Work request: Exact reproduction required: the lines below from the line with "Flor De Caña" to the line with "A Theoretical Analysis", both ends included, and no others.
::: Input for this task
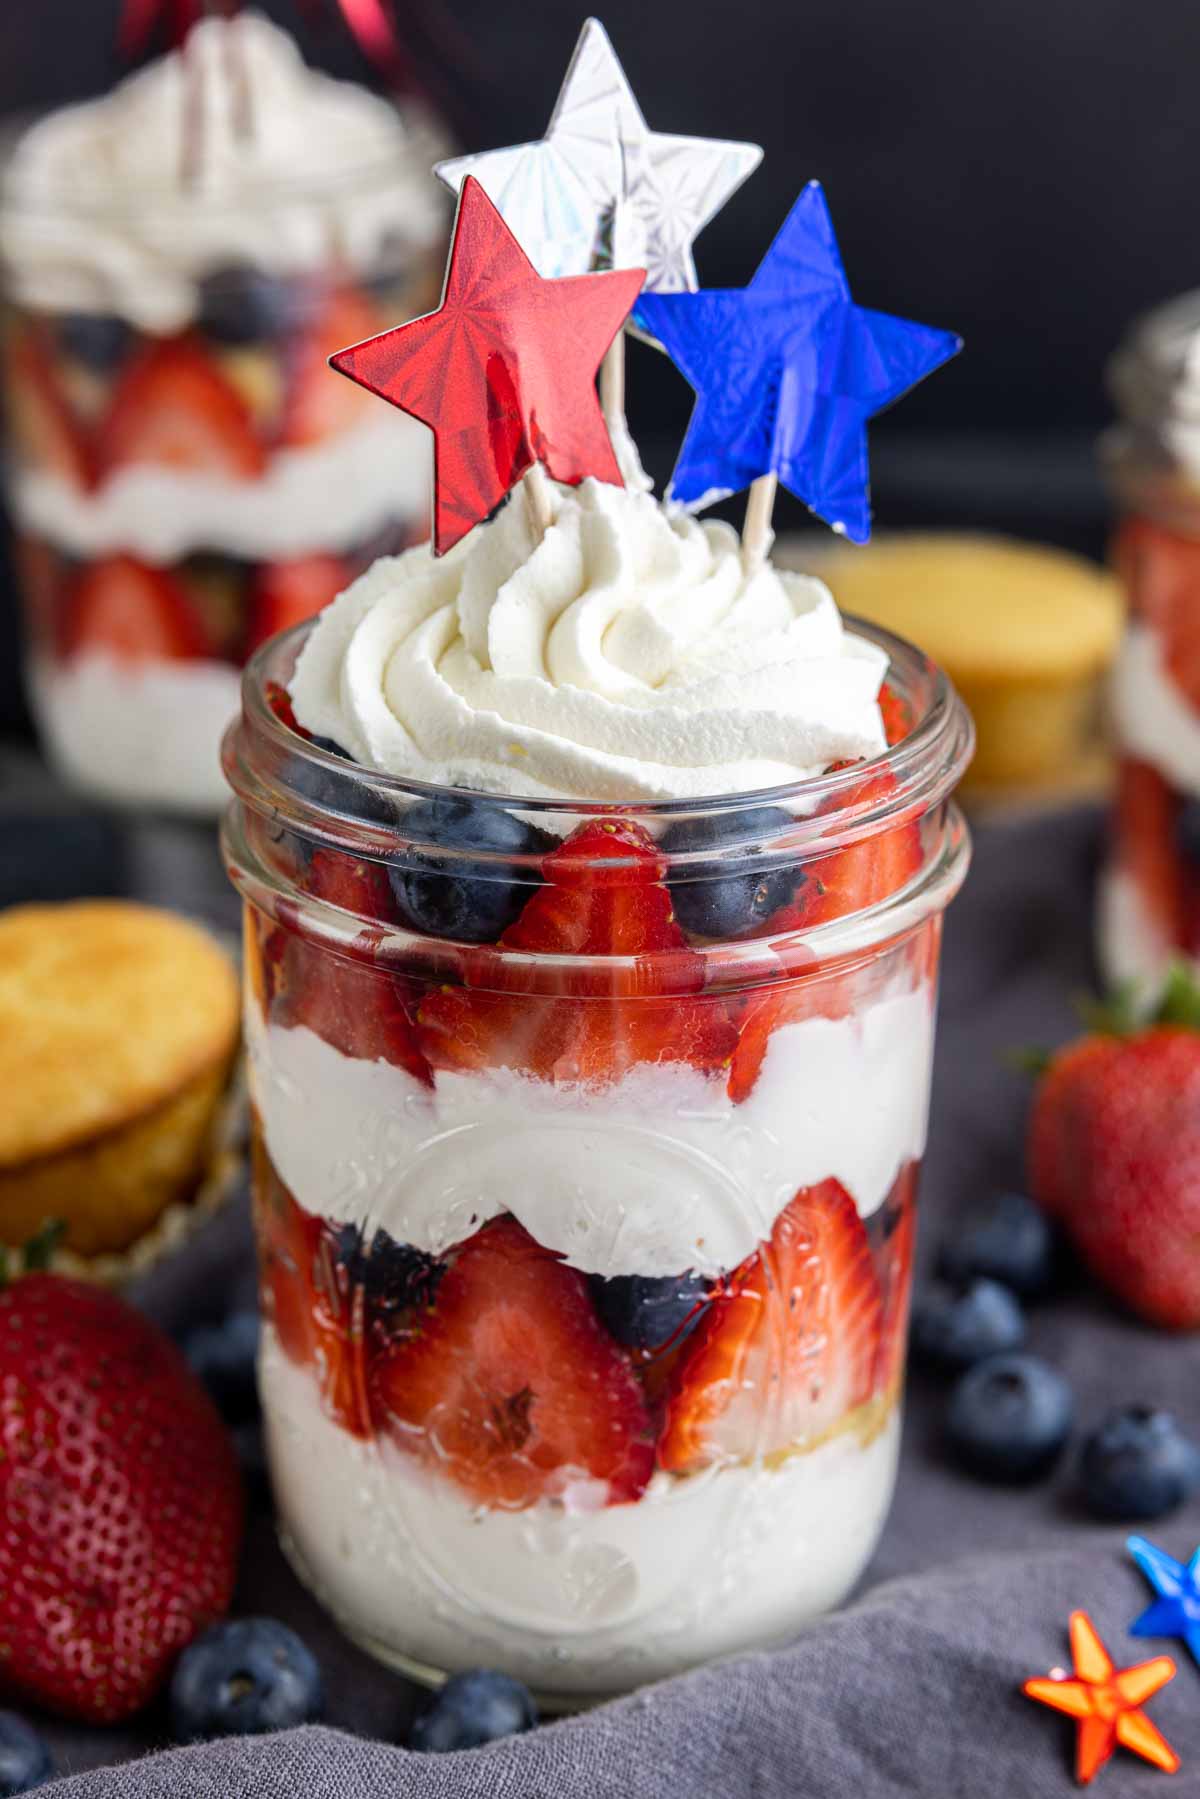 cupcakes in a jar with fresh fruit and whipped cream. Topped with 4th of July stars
::::::
::: Input for this task
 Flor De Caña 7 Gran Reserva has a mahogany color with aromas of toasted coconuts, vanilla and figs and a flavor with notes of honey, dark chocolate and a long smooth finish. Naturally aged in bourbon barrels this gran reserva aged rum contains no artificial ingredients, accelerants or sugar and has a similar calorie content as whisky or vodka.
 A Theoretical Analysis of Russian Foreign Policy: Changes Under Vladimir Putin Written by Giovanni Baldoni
::::::
Solution to the exercise:
 Flor De Caña 7 Gran Reserva has a mahogany color with aromas of toasted coconuts, vanilla and figs and a flavor with notes of honey, dark chocolate and a long smooth finish. Naturally aged in bourbon barrels this gran reserva aged rum contains no artificial ingredients, accelerants or sugar and has a similar calorie content as whisky or vodka.
 A Theoretical Analysis of Russian Foreign Policy: Changes Under Vladimir Putin Written by Giovanni Baldoni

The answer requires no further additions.